# 330 g bar



## peter i (Apr 11, 2008)

A 330 g bar refined from a kilo of 8 Karat jewellery scrap.

Did it for a goldsmithing friend a couple of years ago, and have not done any large scale refining of gold since, just small scale for my own needs.

Method was inquartation, nitric, AR, urea and drop with SMB followed by wash with water, HCl and ammonia.


----------



## Never_Evil (Apr 11, 2008)

That bar looks near flawless, nice and shiny. Great job on the bar. Nothing wrong with having a little over 10 troy oz of gold when you need it.


----------



## peter i (Apr 11, 2008)

Thanks, unfortunately the rightful owner wanted it back, but he left a nice little bag of silver coins to make the departure easier.


----------



## Lou (Apr 11, 2008)

Pretty.

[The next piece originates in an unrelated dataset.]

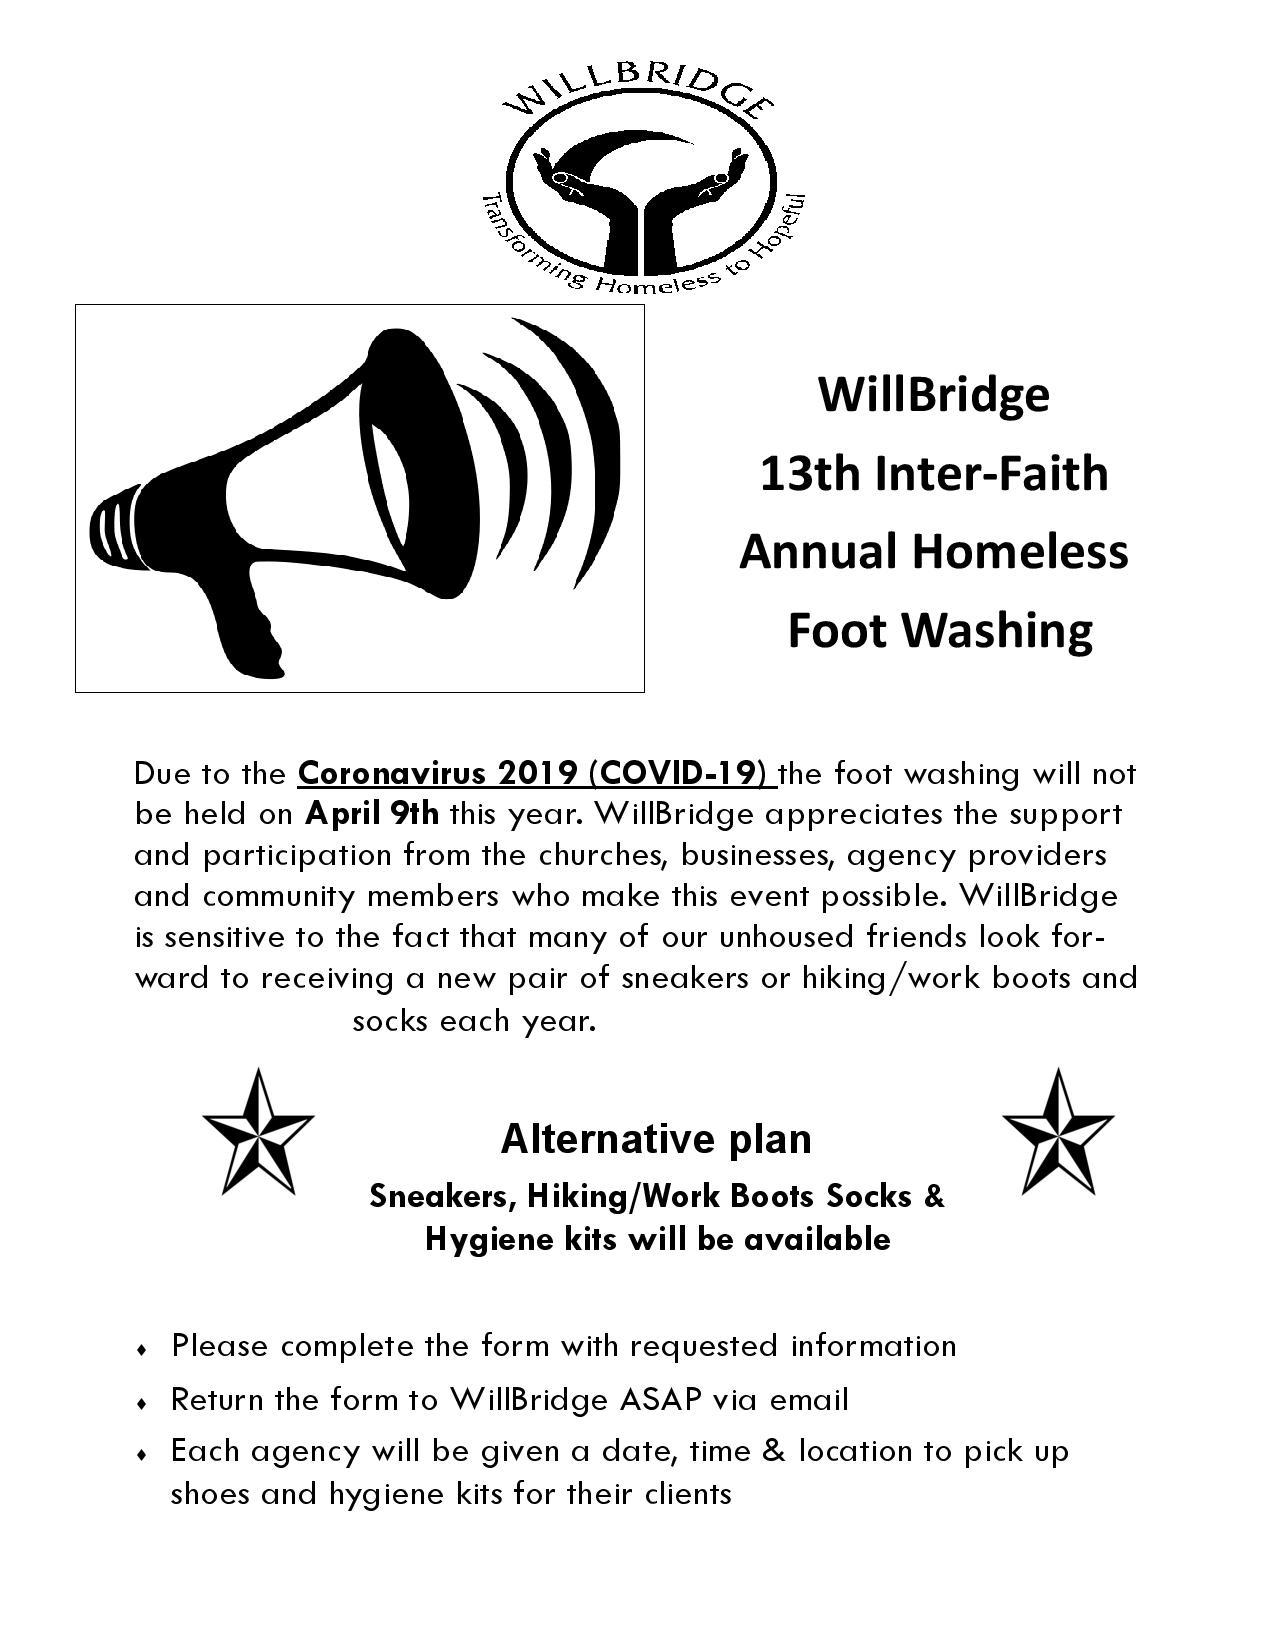 Willbridge 13th Inter-Faith Annual Homeless Foot Washing

What did you use for the mold?


----------



## Froggy (Apr 11, 2008)

I dont know why I had this thought when I saw it, it would be fun to put it in a candy bar wrapper and stick it in a vending machine for someone,,,, what a nice surprise! it does look delicious and edible for some strange reason.....


----------



## Arcani (Apr 13, 2008)

i think i see teeth marks in it :lol: don't blame u, it does look good enuf to eat


----------